Но потом ее будто током ударило. Грейс повернулась к туалетному столику. Нет, не может быть. Джонатан бы никогда… Этот столик принадлежал маме. Одна из немногих ее вещей, оставшихся в квартире.
От классических интерьеров детства Грейс не осталось и следа. Мамин бежевый ситец сменили голубые и коричневые тона, с пола был убран ковролин, открывая паркет. На стенах в кухне и коридоре висели рисунки Генри, а также семейные фотографии. На одних были папа, мама и сын, на других – только папа и мама. Остальные стены по большей части занимали картины с блошиного рынка или с выставок «Пьер Шоу». Правда, два полотна были приобретены в Париже, на рынке Марше-о-Пюс за год до рождения Генри.
В комнате, где в детстве жила Грейс, теперь спал Генри. Сначала детская была желтой с зеленым пушистым ковром. Теперь стены были зеленовато-голубыми с глянцевой белой каймой. Генри, будучи мальчиком аккуратным, содержал комнату в удивительной для его возраста чистоте и порядке. У самой Грейс в его возрасте над кроватью висела занимающая всю стену пробковая доска, на которой чего только не было: фото знаменитостей, нарядов, которые нравились Грейс, снимки друзей (в основном Виты), наградные грамоты из Реардона и немецко-американского спортивного центра на Восемьдесят шестой улице, где Грейс занималась гимнастикой. В общем, все ее интересы отражались на этой пробковой доске. У Генри же над кроватью висела всего одна фотография, на которой они с Джонатаном с удочками в руках стояли на причале у озера. Удочки Грейс подарила им на день рождения Джонатана. Кажется, это был единственный раз, когда папа и сын ими пользовались.
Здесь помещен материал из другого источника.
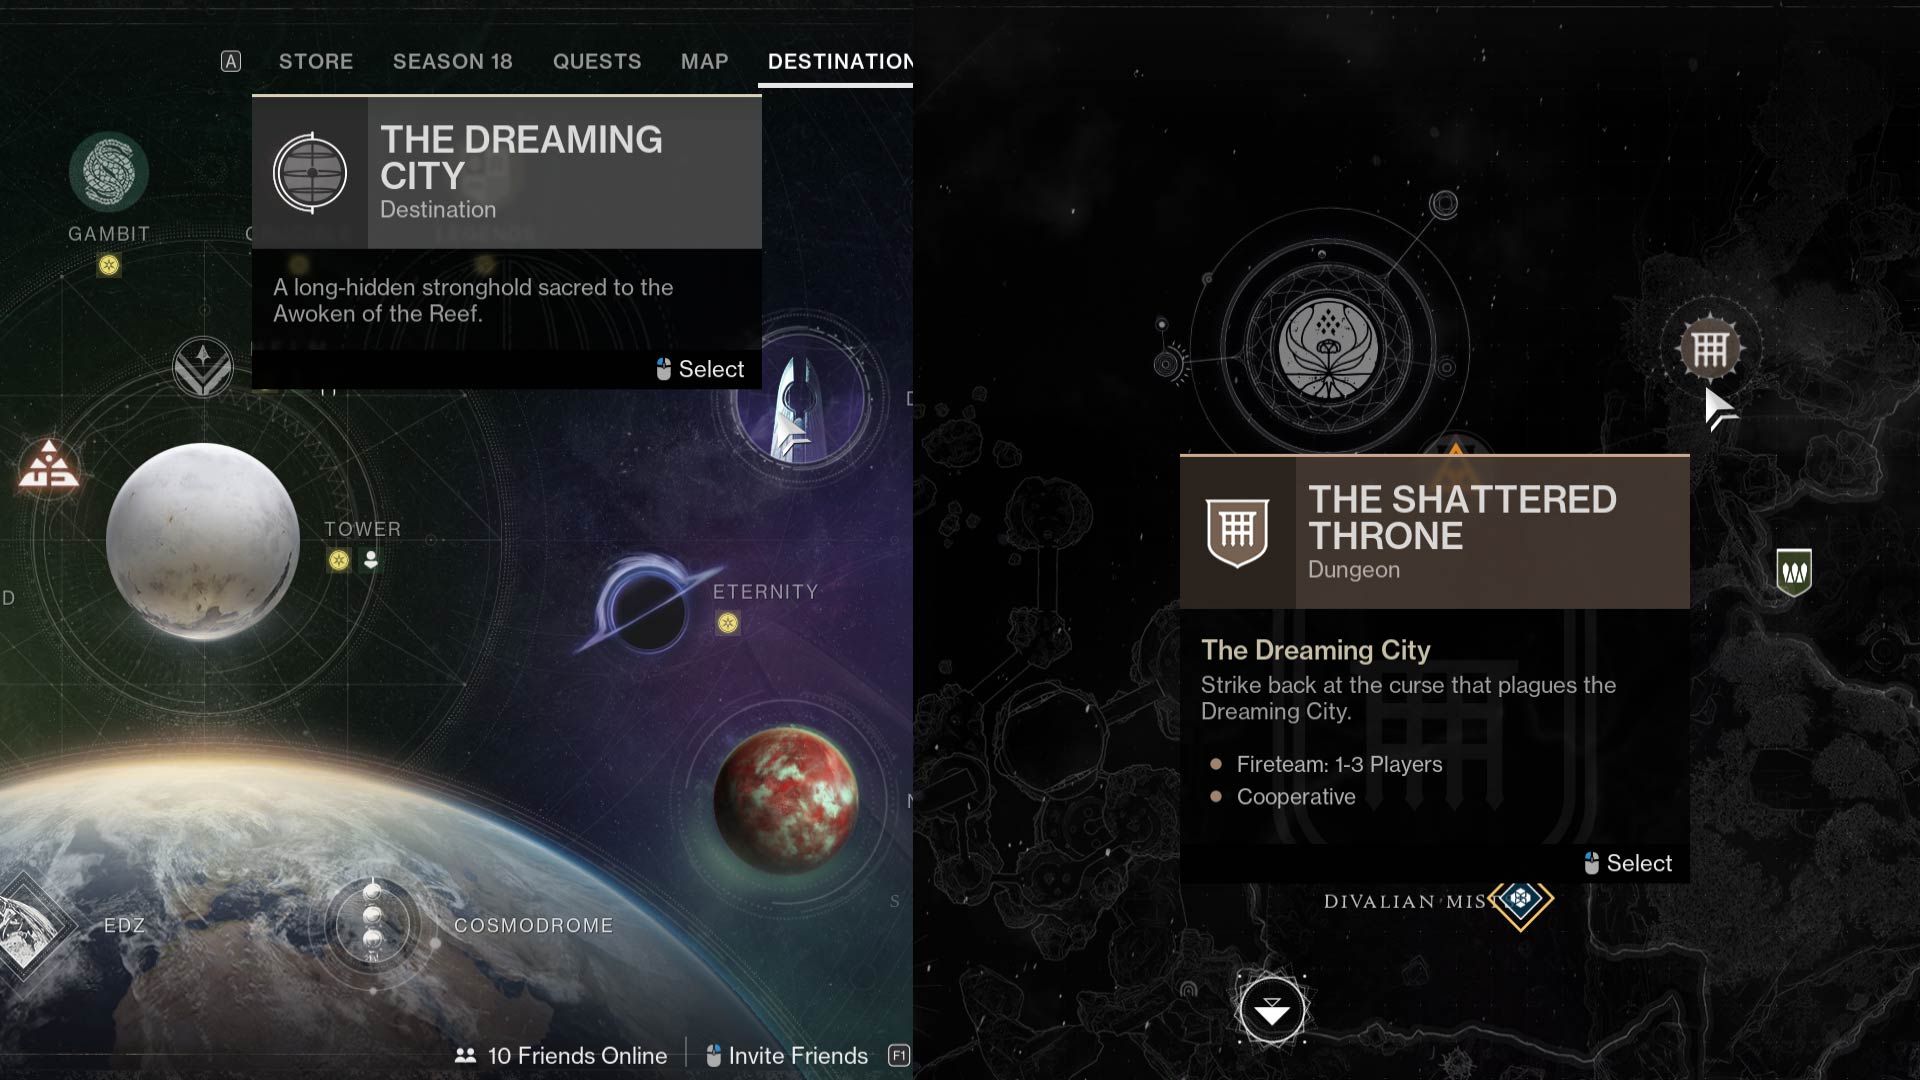 The Shattered Throne Location

Туалетный столик в комнате, которую Грейс только недавно отучилась называть «родительской спальней», был своего рода островком неизменности, где сохранялось прошлое. Банкетка до сих пор была обтянута классическим ситцем, и ни одна из потертых медных заклепок не была заменена. А в ящиках хранились все женские богатства – кольца, серьги, браслеты, ожерелья. Правда, мама не всегда убирала драгоценности в ящик. Когда отец что-нибудь ей дарил – скажем, огромную золотую брошь, украшенную жемчугом и изумрудами, или браслет из рубинов и бриллиантов, – мама выкладывала эту вещь на стеклянную столешницу так, чтобы она была на самом виду. Возможно, таким способом мама хотела искупить тот факт, что никогда этих вещей не носила. Грейс видела ее только в простых жемчужных бусах и неброских золотых серьгах. Видимо, мама предпочитала, чтобы купленные папой драгоценности украшали исключительно интерьер. Должно быть, она просто не могла разочаровать папу, в открытую сказав, что они ни капли не соответствуют ее вкусу.
У папы отношение к этим вещицам было особое. Поэтому он выразил желание, чтобы они хранились у Грейс – видимо, по его мнению, мама хотела бы именно этого. Всего через неделю после похорон, когда Грейс собирала вещи, намереваясь отправиться обратно в Бостон (она тогда была на втором курсе), отец вошел в ее детскую спальню и положил на кровать прозрачный пластиковый пакет, полный бриллиантов, рубинов, изумрудов и жемчуга. «Не могу больше на них смотреть», – объяснил отец, мотивируя свое желание. Больше он к этому ничего не прибавил.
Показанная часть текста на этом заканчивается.